### What is being asked
Reproduce only what runs from the line containing "Natural textures and" to the line containing "The Xbox One" in the records below, inclusive. Keep it exact, and keep the pictures out.

### Records for this exercise
• • • • • • •

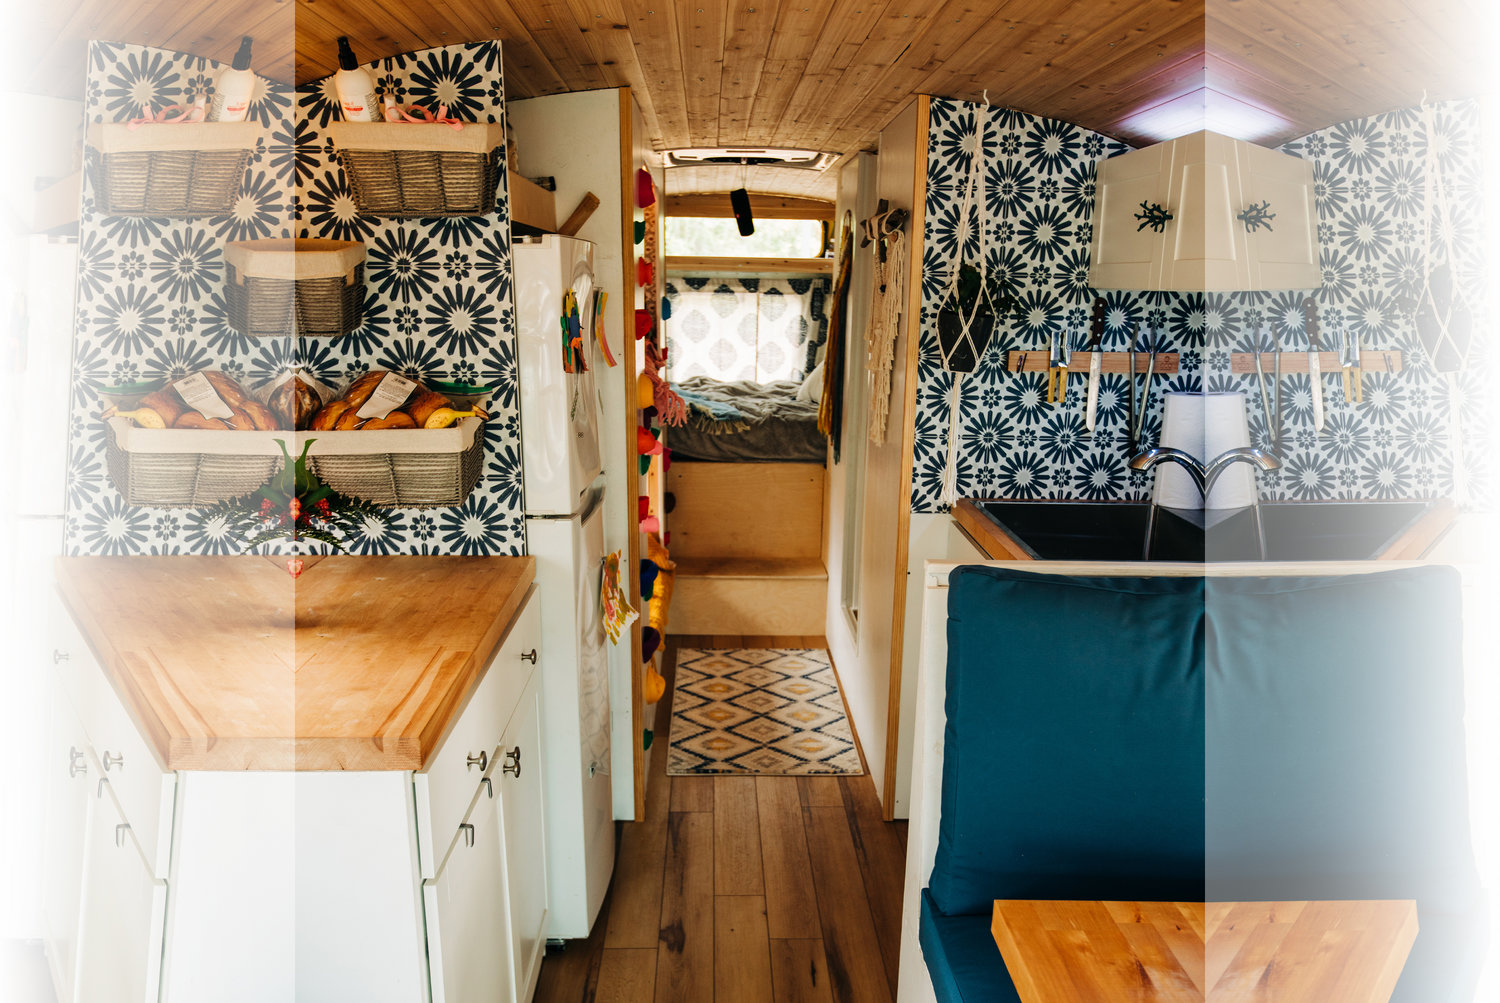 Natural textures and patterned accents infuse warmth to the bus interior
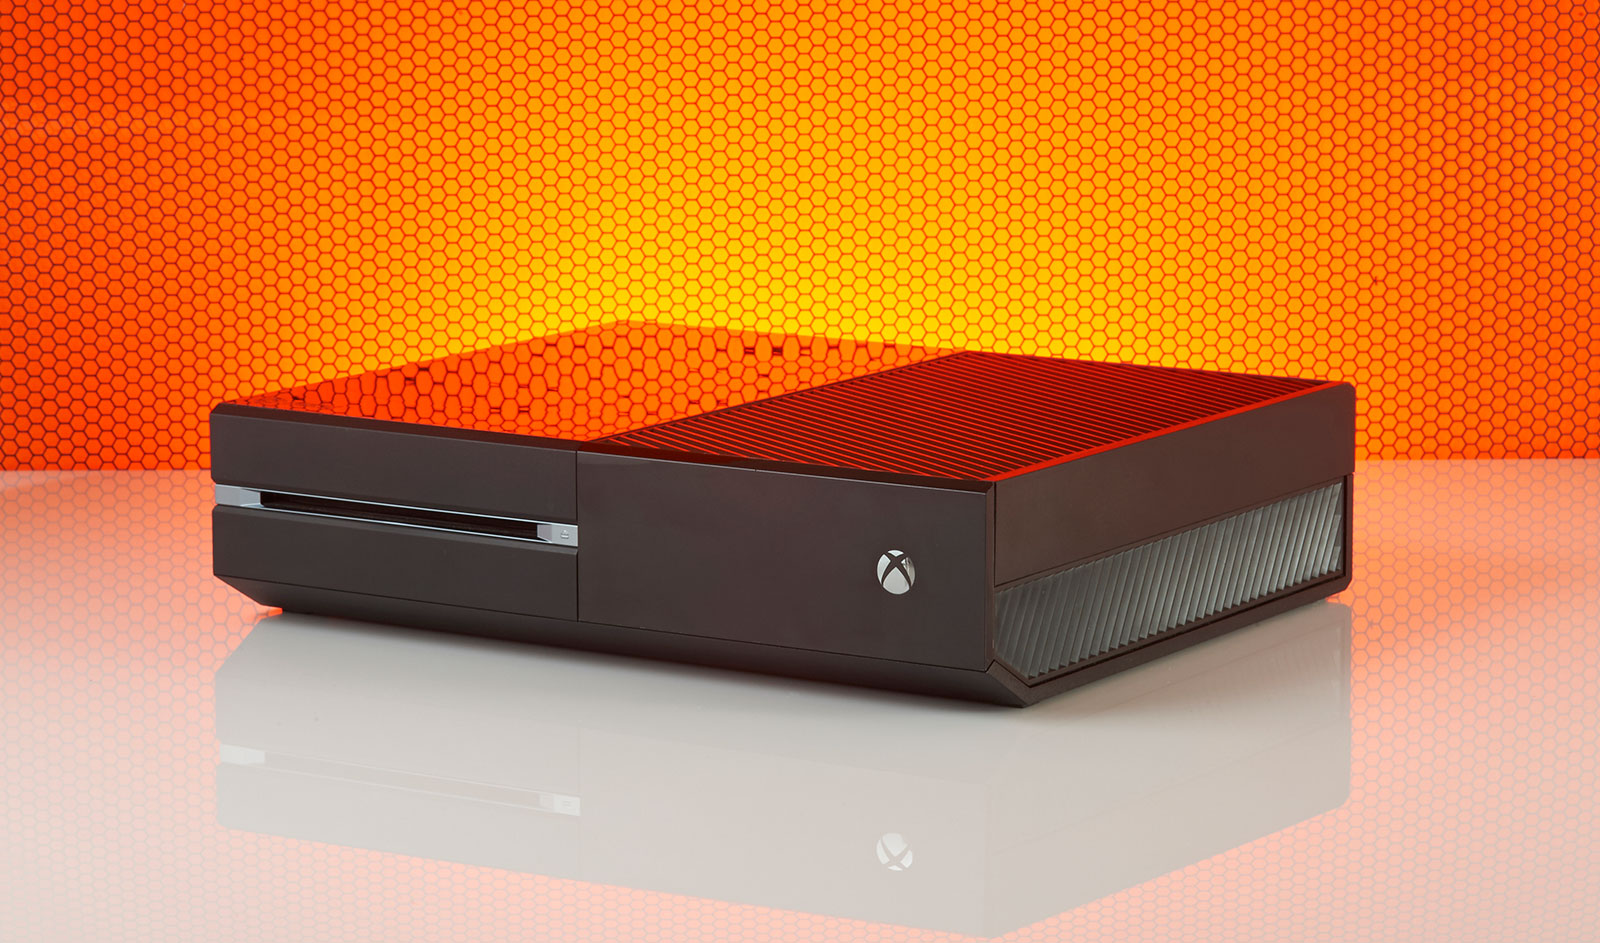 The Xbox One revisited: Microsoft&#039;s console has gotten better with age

• • • • • • •

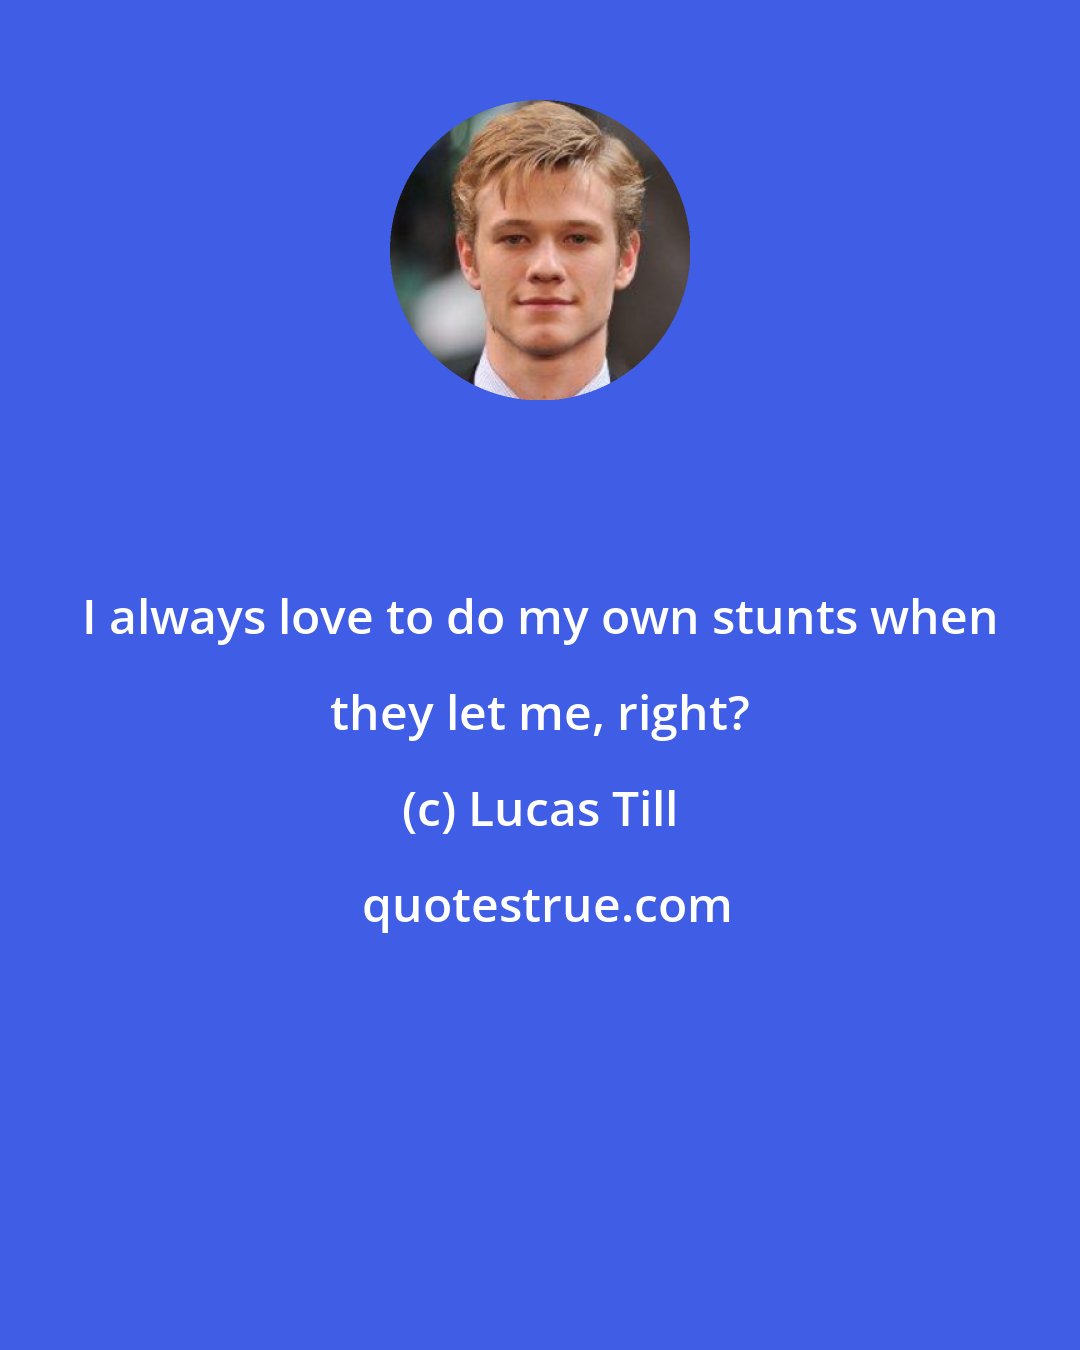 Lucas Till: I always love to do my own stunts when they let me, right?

• • • • • • •

### Exercise solution
 Natural textures and patterned accents infuse warmth to the bus interior
 The Xbox One revisited: Microsoft&#039;s console has gotten better with age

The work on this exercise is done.